Comparison of different method of software risk assessment.
Table 12.
Comparison of different method of software risk assessment.
Literature | Processing Method | Calculation of Weights | Complexity | Subjective/ Objectivity |
---|
[68,77] | Fuzzy set theory and hierarchical structure analysis | Given in advance | Convert the linguistic value to triangular fuzzy number and multiply the fuzzy numbers | Weights are static and relatively subjective |
[69,70] | Fuzzy DEMATEL + FMCDM + TODIM/DEMATEL + ANFIS MCDM + IF-TODIM | Fuzzy DEMATEL + Fuzzy TODIM | Multiple adjustments fuzzy matrix | Using integrated fuzzy approaches, assessment results are relatively objective |
[67] | Entropy | Entropy weight method | Simple calculation | Uncertainty is taken into account and relatively objective |
Our method | DST+Deng entropy+Risk Matrix | Deng entropy | Using data-driven model that does not need to calculate and adjust parameters many times | Considers uncertainty and conflicts between experts, more objectivity |
6. Conclusions
The evaluation of software risks plays an important role in the field of software development.
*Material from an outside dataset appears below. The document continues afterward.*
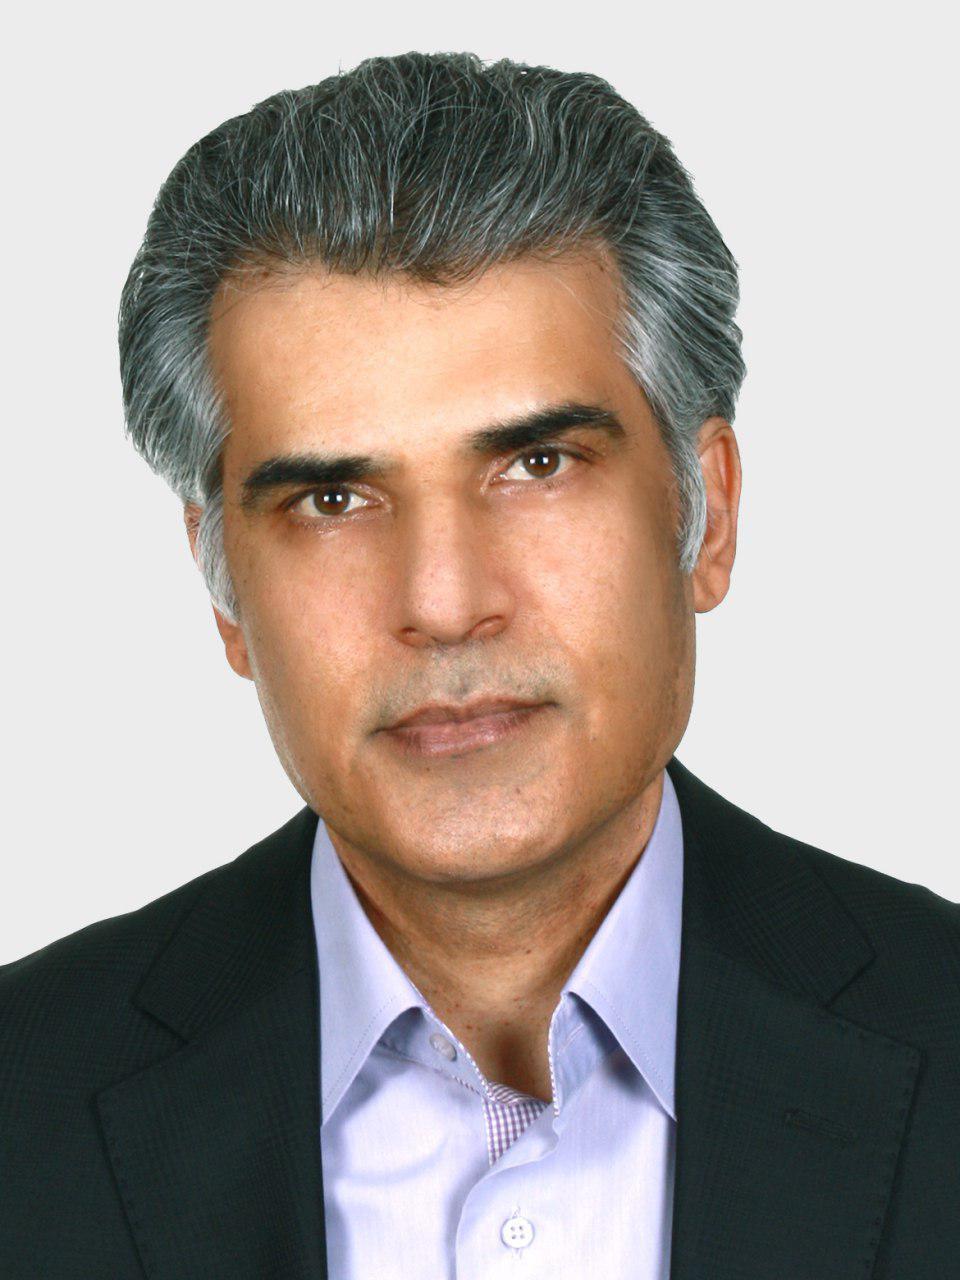 محمدرضا برزگری بافقی

To efficiently assess the risk, in this paper, a data-driven software risk evaluation model is proposed. We first discussed the drawbacks of the existing methods. Then, 11 software risks were identified. The software risk breakdown structure and risk matrix were illustrated. Furthermore, an evidential software risk evaluation model based on DST, Deng entropy and risk matrix were proposed. Finally, we applied the proposed method to a case application and compared our results to existing methods. By comparison, the proposed method can express more uncertainties and help the domain experts to express their opinions effectively. Meanwhile, it can adjust the expert assessment value and deal with the conflicting values in the assessment. In short, our method not only overcomes the complexity of matrix method, but also improves the ability to handle uncertainty. However, some limitations are also highlighted. More software risk factors would increase the validity of the results, and multiple weights were not considered. The evaluation process needs to be repeated when the risk factors change, since risk assessment is a dynamic process that exists throughout the life cycle of software.
Our future research work will mainly focus on considering the weight of risk attributes, giving experts different knowledge weights and improving the model to increase its applicability.